If you get a new Z-stick, you will need to pair all your devices again.
Aeotec does have backup software where you can copy the pairing information from the old Z-stick to the new one but there will be some loss.

Oh, but they do, but it is for Windows only. I used it yesterday to back up my Z-stick. You can also turn off the “disco lights” on the stick with that program. Remains to be seen how a restore works, though.

Since you are using Hass.io, I would suggest you try reinstalling to a new SD card and restore your configuration before swapping the Z-stick.

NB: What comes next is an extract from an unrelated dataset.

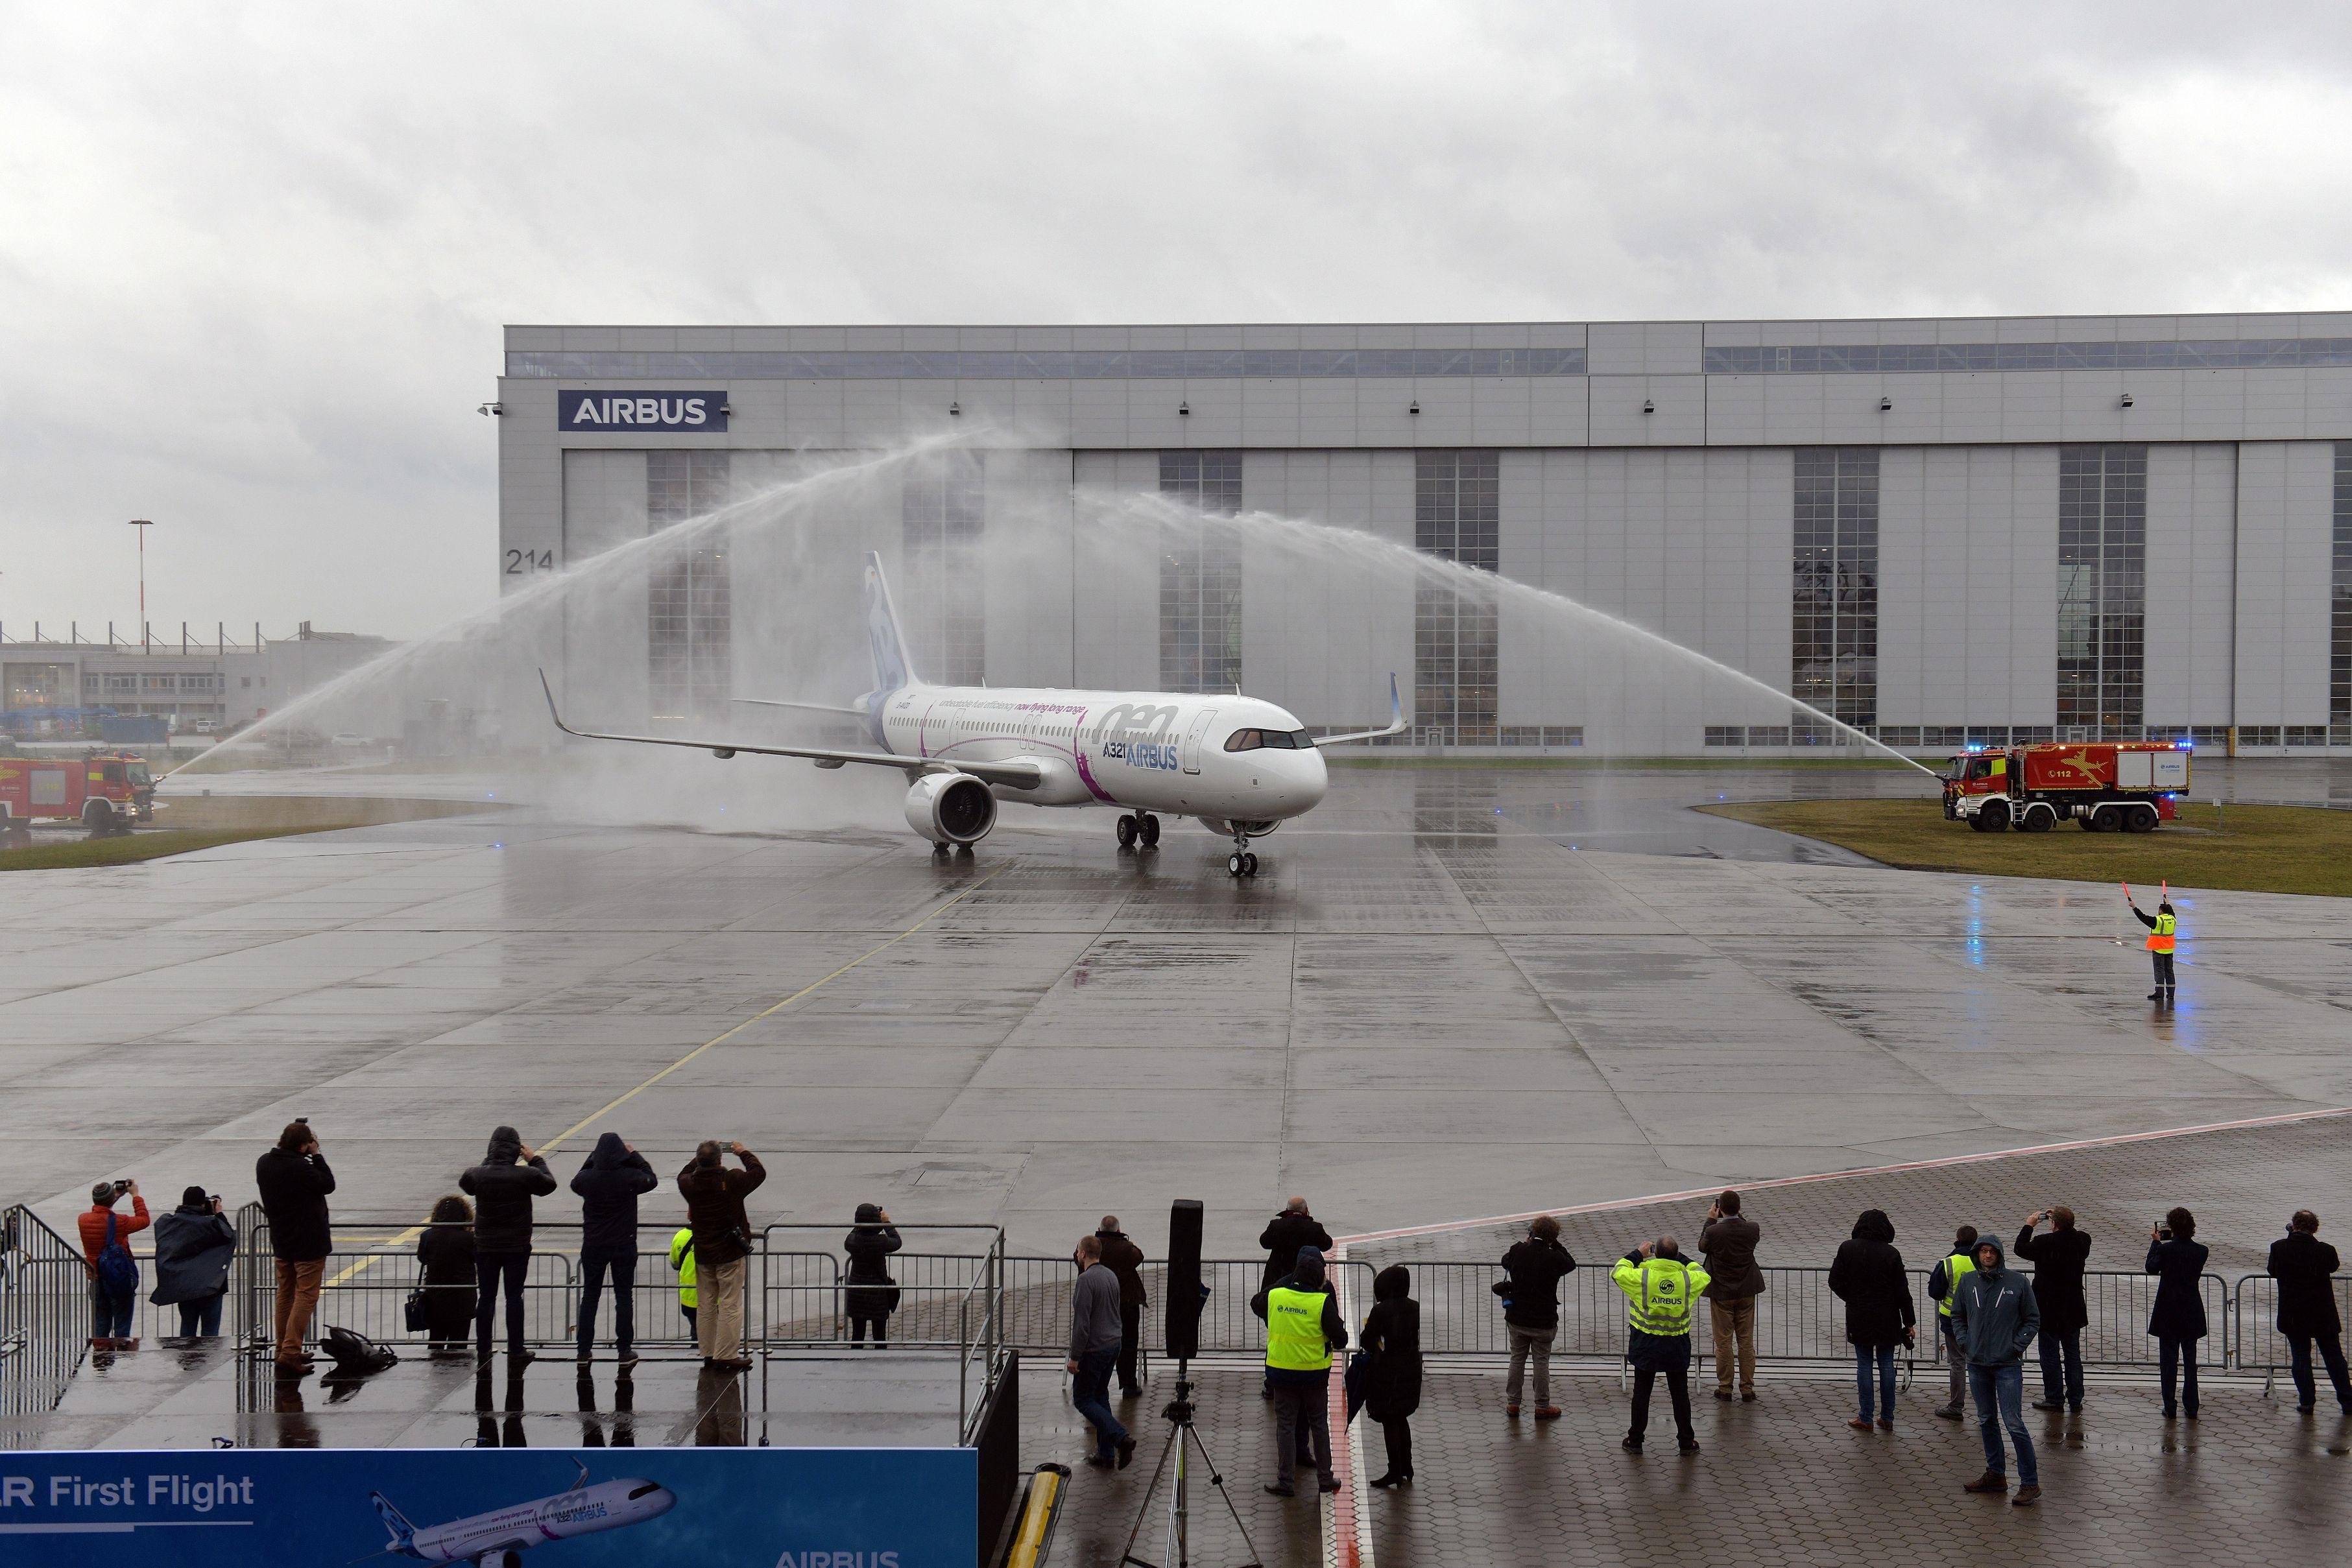 Airbus Soars With Maiden Flight of the Longest-Range Single-Aisle ...

After testing virtually everything including fresh hass.io install with old z-stick, old hass.io install with brand new and empty z-stick etc. etc. I started to analyze my mesh network and the errors I got a little bit more carefully.

I found that some nodes were showing up in the log 20 000 times or more. All three of them were NodOn MSP-3-1-XX Micro Smart Plugs. I have four of them in the same room, and in two of them in the same dual power socket. I pulled those out and restarted HA, and things started to go back to normal. Most nodes started to show neighbours again and seem to react to commands.

There are, however, some strange things in my z-wave network when it comes to neighbouring. Maybe I will have to shuffle devices around a bit to make it work as good as possible. I will continue to work with this, but it is interesting that a few bad nodes can choke the whole mesh network. A bit too sensitive in my view.